- DATA SECTION

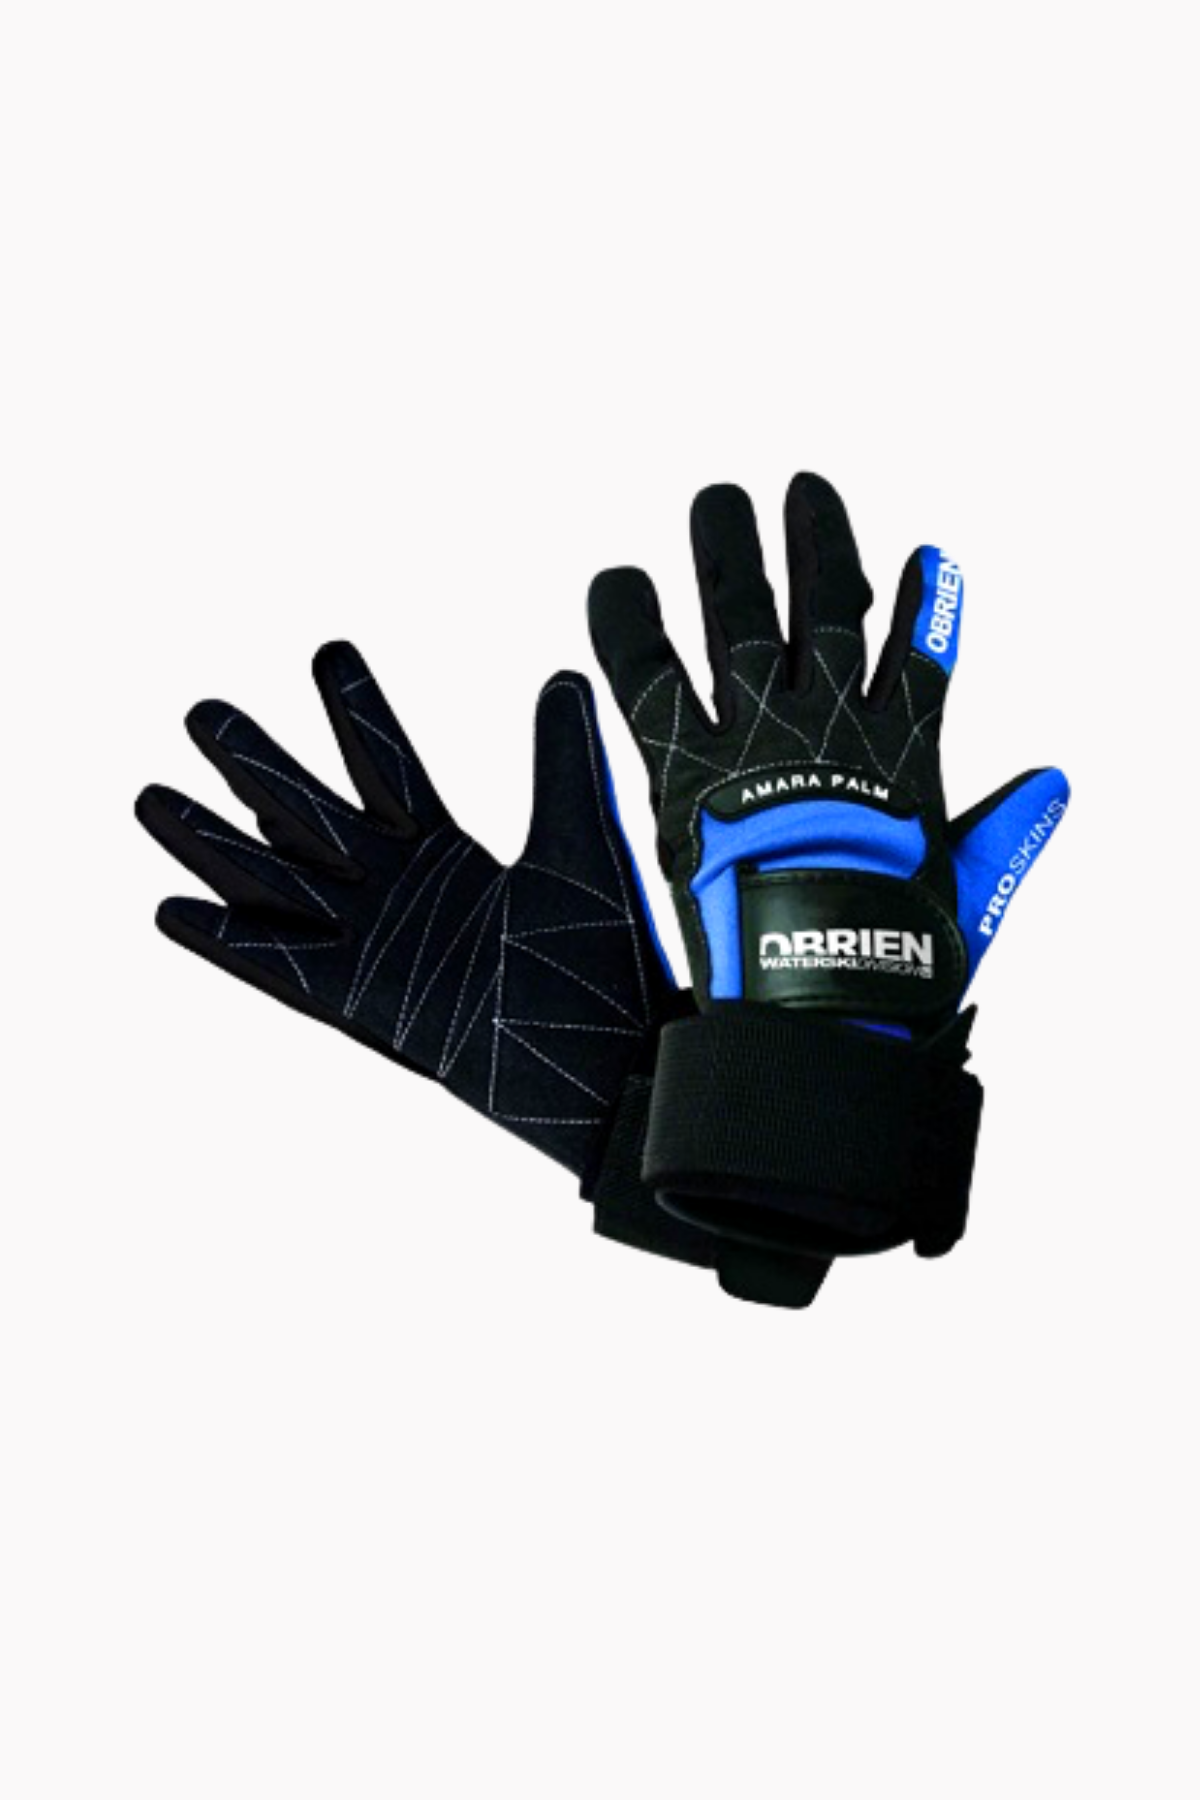 Obrien Pro Skin Water Ski Gloves MEDIUM
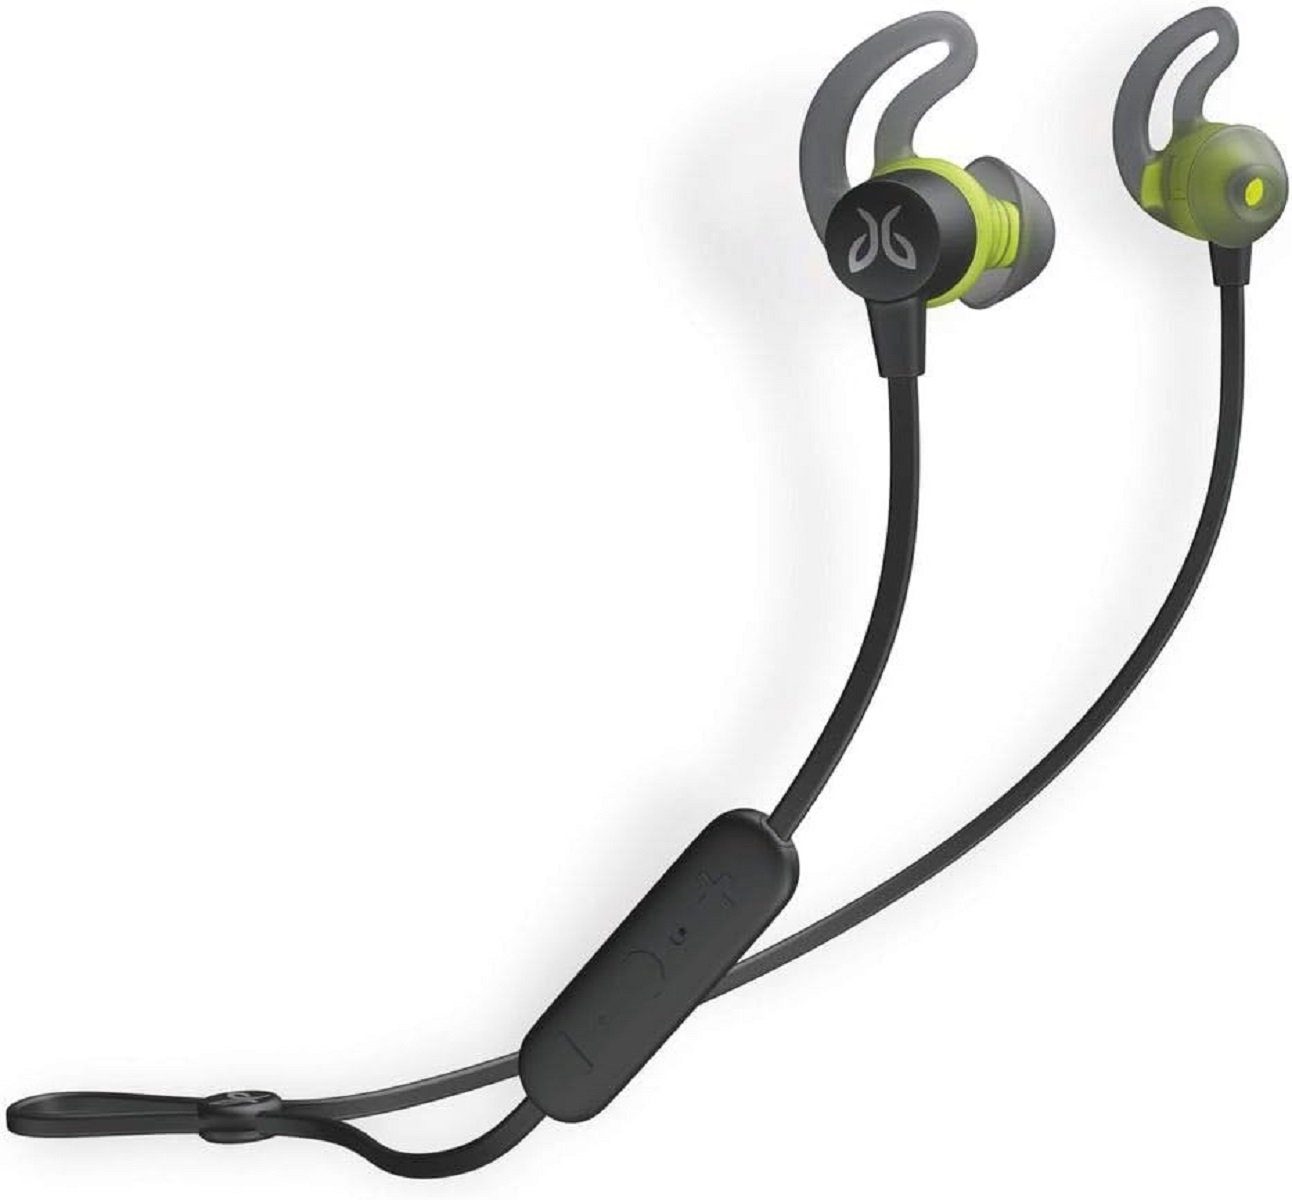 Schweißbeständig Bluetooth, In-Ear Sport-Kopfhörer Jaybird Wireless Tarah Kopfhörer,
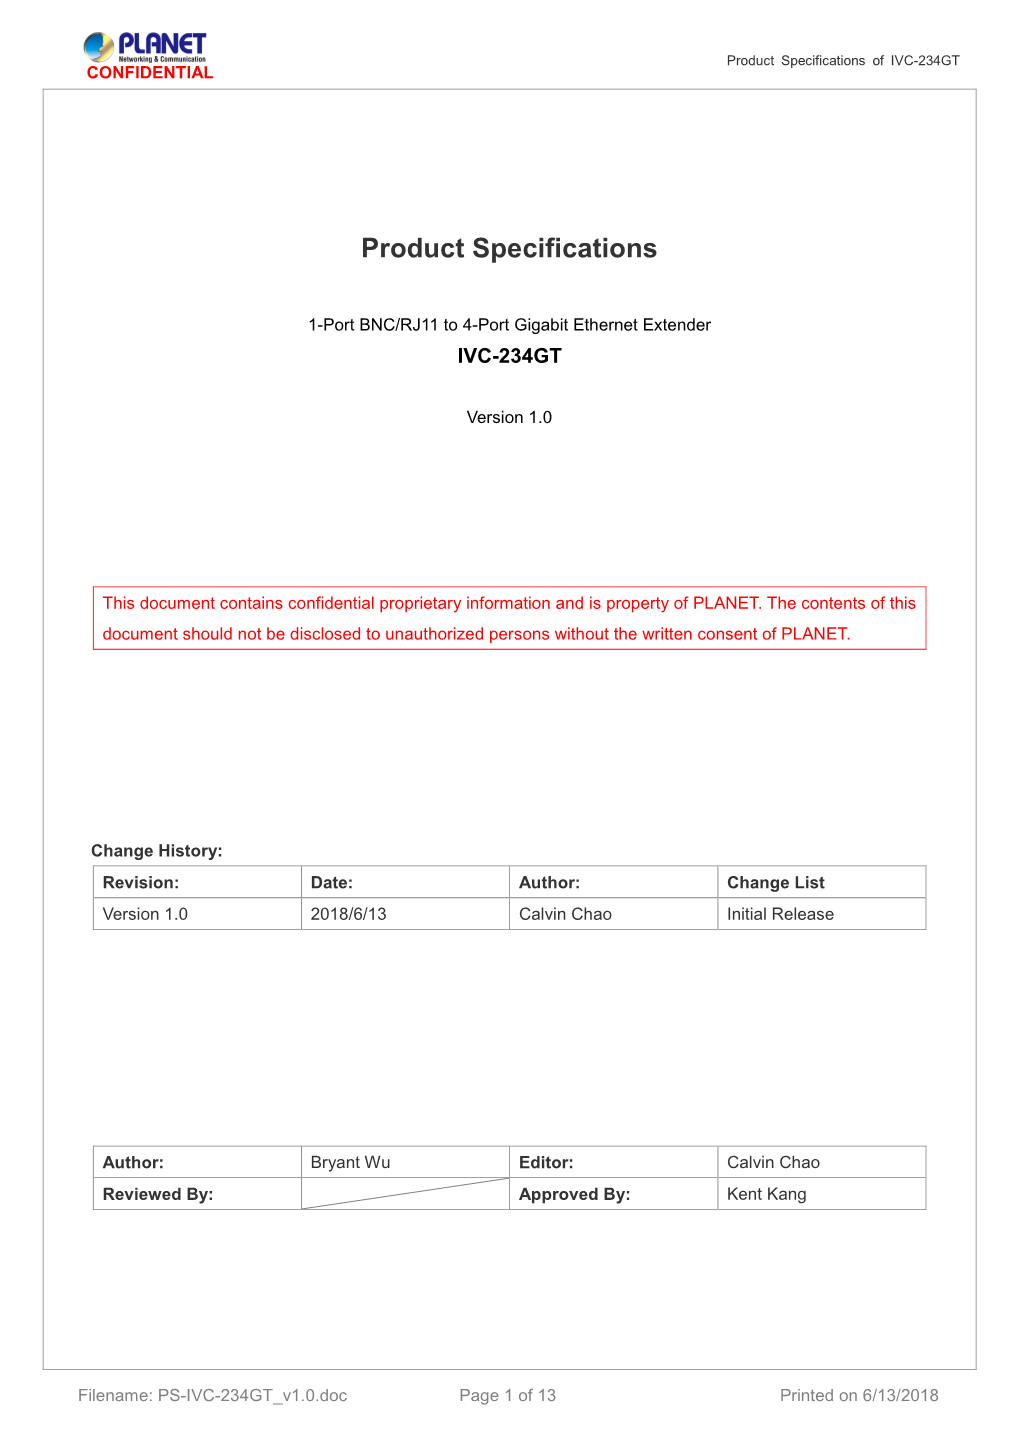 Product Specification of Gigabit Ethernet Extender

- TASK GOAL
Take the whole listing above and copy it exactly. Pictures do not go into the copy.

- SOLUTION
 Obrien Pro Skin Water Ski Gloves MEDIUM
 Schweißbeständig Bluetooth, In-Ear Sport-Kopfhörer Jaybird Wireless Tarah Kopfhörer,
 Product Specification of Gigabit Ethernet Extender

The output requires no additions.